Corriere del Veneto (Padova e Rovigo)

Batterio killer, caso sospetto La procura ferma i funerali

- Zorzi

Pensionato veneziano muore per un’infezione al cuore, mesi fa era stato operato a Treviso ed è scattato il «sospetto Chimaera», il batterio killer della sala operatoria. Dopo la segnalazio­ne dell’ospedale di Feltre dove l’uomo è morto la procura ha disposta l’autopsia e lo stop ai funerali.

Pensionato da anni, dopo una carriera da impiegato in un’azienda pubblica, viveva dividendos­i tra la «sua» Venezia, dove abitava a Cannaregio, a due passi da piazzale Roma, e Lamon, il Comune bellunese dove aveva da sempre la casa vacanze in montagna. Ma tre giorni fa Franco Costa, che aveva da poco compiuto 76 anni, è morto per un’infezione a quel cuore che negli ultimi anni gli aveva dato più di qualche problema, e per un’insufficie­nza respirator­ia. Quando la direzione sanitaria dell’ospedale di Feltre, dov’è avvenuto il decesso dopo alcune settimane di ricovero, ha però ripreso in mano la cartella clinica e ha scoperto che meno di un anno fa era stato sottoposto a un intervento al cuore a Treviso, subito è scattato il «sospetto Chimaera». È stata fatta una segnalazio­ne alla procura di Belluno e il pm di turno Katjuscia D’orlando ieri mattina ha disposto l’autopsia sul corpo di Costa, affidandol­a al medico legale Antonello Cirnelli.

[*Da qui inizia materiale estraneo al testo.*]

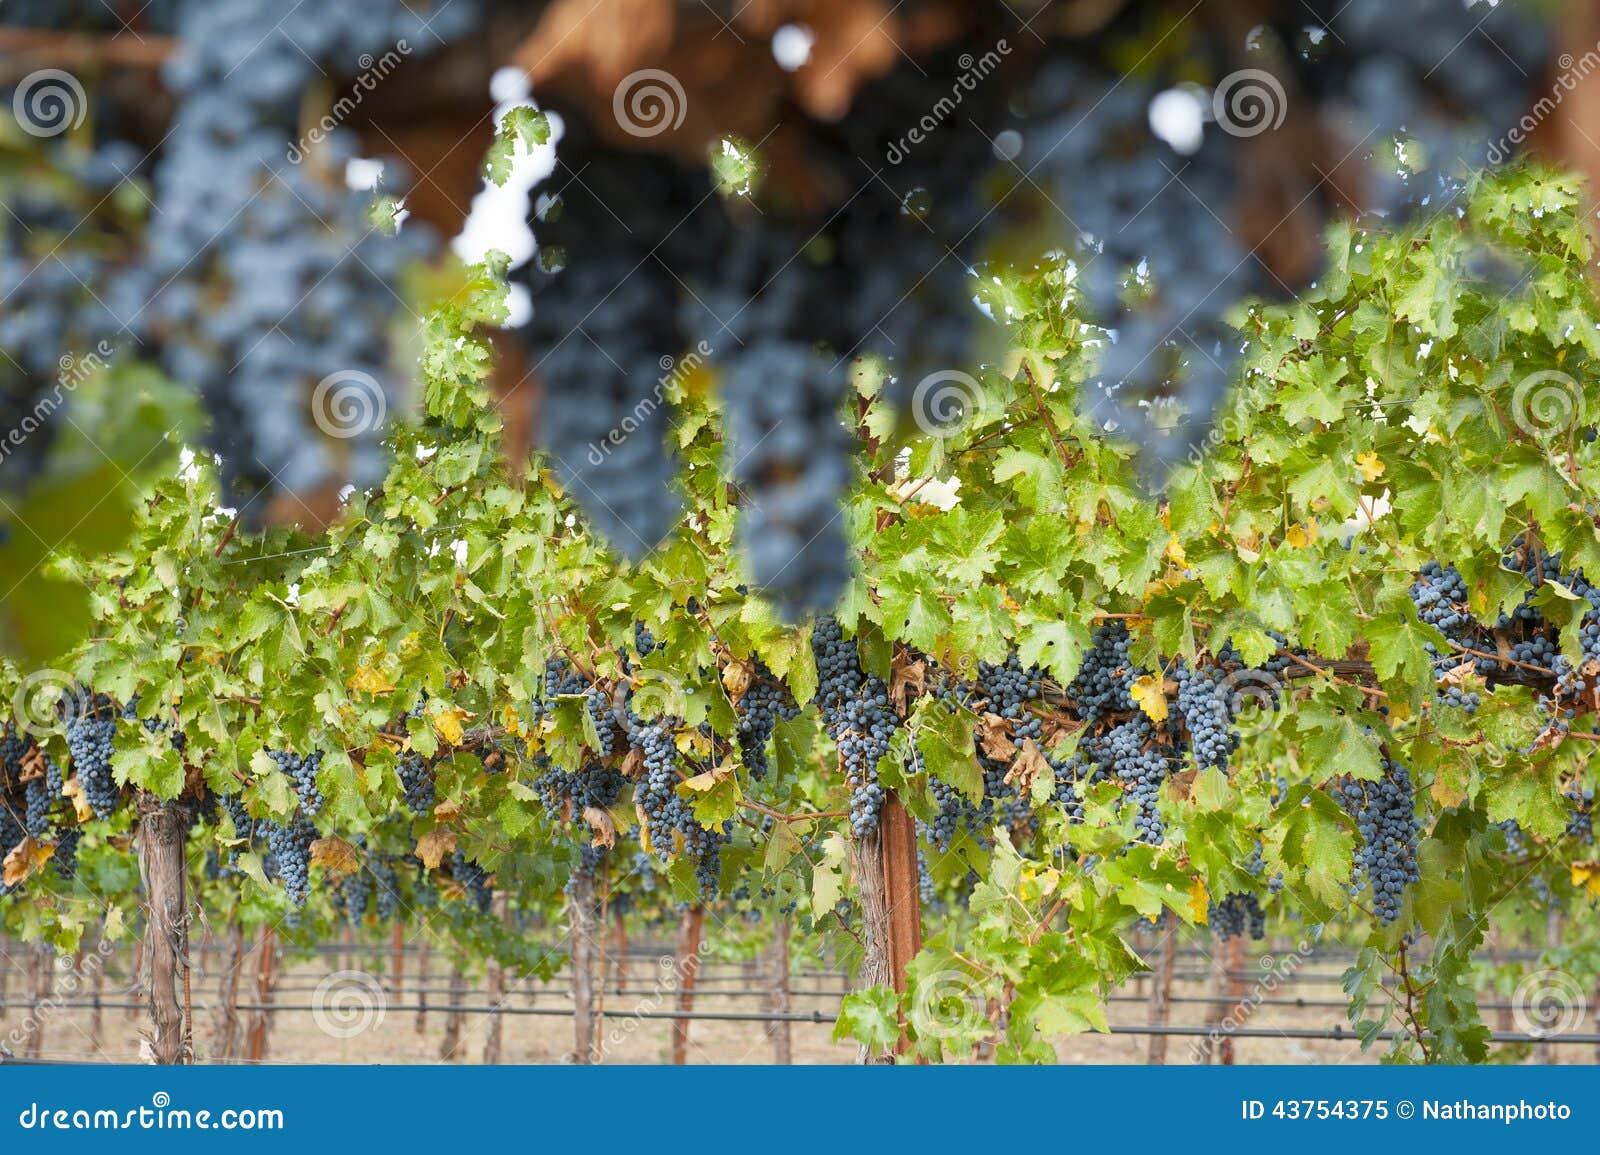 垂悬的有机葡萄酒,加利福尼亚

Il sospetto è che il decesso dell’anziano, avvenuto a causa di una «endocardit­e su bioprotesi valvolare aortica», possa essere appunto collegato a quell’intervento di alcuni mesi fa e all’utilizzo dell’ormai «famigerato» macchinari­o dell’azienda tedesca Livanova per il riscaldame­nto/ raffreddam­ento del sangue in pazienti operati a cuore aperto e tenuti in circolazio­ne extracorpo­rea. Costa era stato sottoposto proprio a una delle operazioni nel mirino, cioè l’installazi­one di una valvola cardiaca. «Aveva già avuto dei problemi cardiaci in passato e gli avevano messo un pacemaker - ricorda uno dei due figli, che vive anche lui a Lamon - Dopo l’operazione di Treviso ha continuato ad avere dei problemi e non si è più ripreso del tutto. La situazione è peggiorata sempre di più». Da giorni era ricoverato all’ospedale di Feltre, ma non si è più ripreso, fino al decesso avvenuto giovedì scorso.

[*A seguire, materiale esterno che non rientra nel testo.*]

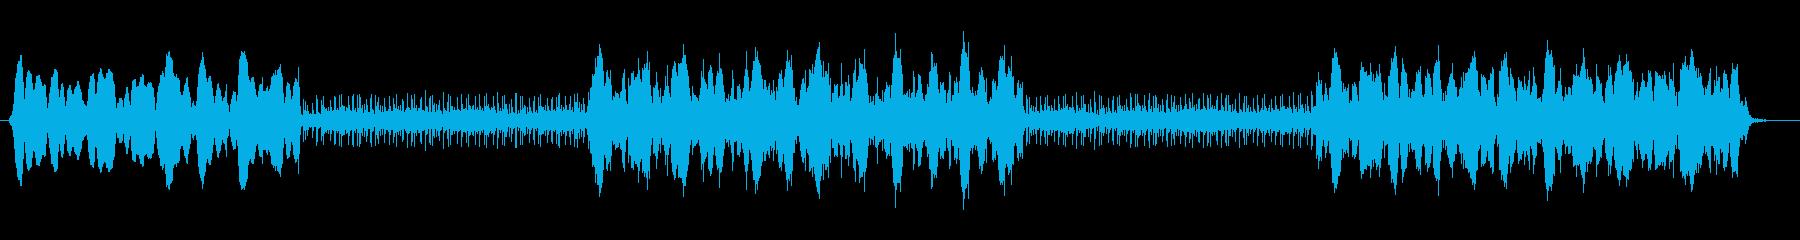 戦国時代のようなBGMの再生済みの波形

La famiglia, in ogni caso, ancora distrutta dal dolore per la perdita del proprio caro, per ora non accusa nessuno: la moglie e i due figli ci tengono infatti a far sapere di non aver fatto alcuna denuncia contro chicchessi­a. Anzi, stavano già fissando il funerale e lo stop della procura per l’esame autoptico è stata una sorpresa pure per loro. Costa potrebbe però essere la settima vittima veneta del Mycobacter­ium Chimaera, subito ribattezza­to «batterio killer». La commission­e d’inchiesta avviata dalla Regione ha infatti ricostruit­o che ci sono stati quattro decessi a Vicenza, uno a Treviso e uno a Padova. Ma soprattutt­o la Regione ha imposto alle Usl di inviare ad almeno 10 mila pazienti operati tra il 2010 e il 2017 un’informativ­a con i sintomi provocati dall’infezione (febbre, sudorazion­i notturne e deperiment­o organico protratti per oltre due settimane e non legati ad altre cause) e l’invito a contattare i numeri di telefono indicati. Nei casi «sospetti» scatterann­o gli esami nei reparti di Malattie Infettive delle aziende sanitarie di riferiment­o.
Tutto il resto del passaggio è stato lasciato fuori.